*** Opening Source material ***

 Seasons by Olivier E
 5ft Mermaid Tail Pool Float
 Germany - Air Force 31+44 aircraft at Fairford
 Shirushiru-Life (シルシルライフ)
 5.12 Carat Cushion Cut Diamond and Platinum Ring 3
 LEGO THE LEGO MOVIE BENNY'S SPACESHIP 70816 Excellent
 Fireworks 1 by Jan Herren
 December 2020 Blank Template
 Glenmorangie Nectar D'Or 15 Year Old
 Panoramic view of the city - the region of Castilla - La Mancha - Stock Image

*** Closing Source material ***

**Try it:**
Whatever appears in the lines above should be copied exactly.

**Task result:**
 Seasons by Olivier E
 5ft Mermaid Tail Pool Float
 Germany - Air Force 31+44 aircraft at Fairford
 Shirushiru-Life (シルシルライフ)
 5.12 Carat Cushion Cut Diamond and Platinum Ring 3
 LEGO THE LEGO MOVIE BENNY'S SPACESHIP 70816 Excellent
 Fireworks 1 by Jan Herren
 December 2020 Blank Template
 Glenmorangie Nectar D'Or 15 Year Old
 Panoramic view of the city - the region of Castilla - La Mancha - Stock Image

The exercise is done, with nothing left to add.